The seventh month was in the Jewish religious calendar (see Numbers 10:10), a month full of feast and fast days, it was a sabbatical month. The Jewish New Year began with 10 days of repentance, pardon with joy – “a joyful sound” (Ps.89:15), culminating with Yom Kippur. Traditionally celebrated with sweet or round foods such as apples and honey, and the blowing of the shofar, during religious services.
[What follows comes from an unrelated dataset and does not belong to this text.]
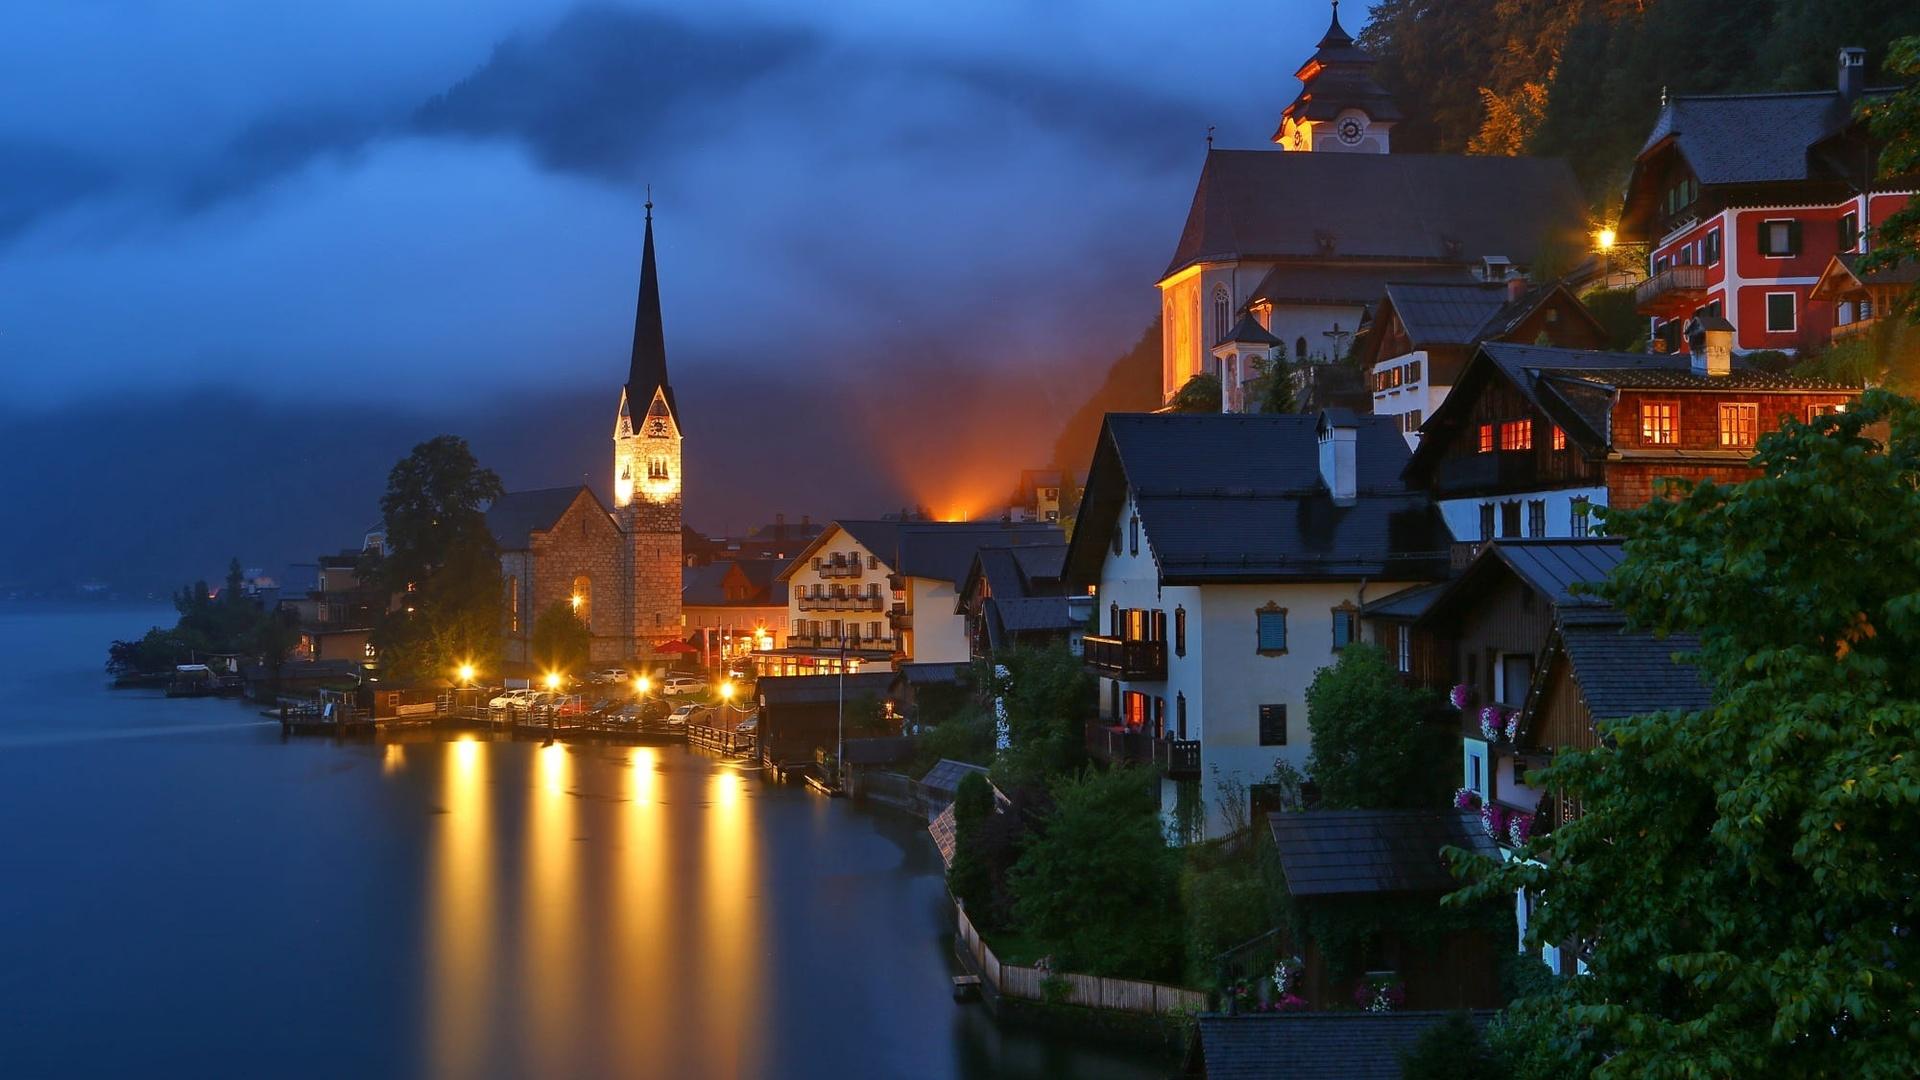 hallstatt, austria, гальштат, австрия, горы, городок

A customary greeting is "happy new year!" This festival, usually held in mid-September, celebrated the end of the agricultural year and the beginning of the New Year in the Jewish civil calendar. In an age with no written calendars, trumpets (originally the ‘shofar’) were sounded on the first day of each new lunar month (see Psalm 81:3), and as a sign of the new agricultural season. The sound of the trumpet raises great and joyful expectations. They may herald a feast or they may call to battle (Num.10:7-10), the trumpet represents the voice of God, at Sinai, later to battle and finally in the Revelation, “I was in the Spirit on the Lord’s Day, and I heard behind me a loud voice, as of a trumpet” (Rev.1:9; 4:1; 4:1; 8:1-2, 6-8; 8:10-13;9:1, 13-14; 11:15). There is no reference to the Feast of Trumpets in the New Testament. The trumpets anticipate and heralds the feast of Yom Kippur and the preaching of the gospel of Jesus’ death and our salvation. Passover represents Israel’s dispensation and Pentecost represents the Christian’s dispensation.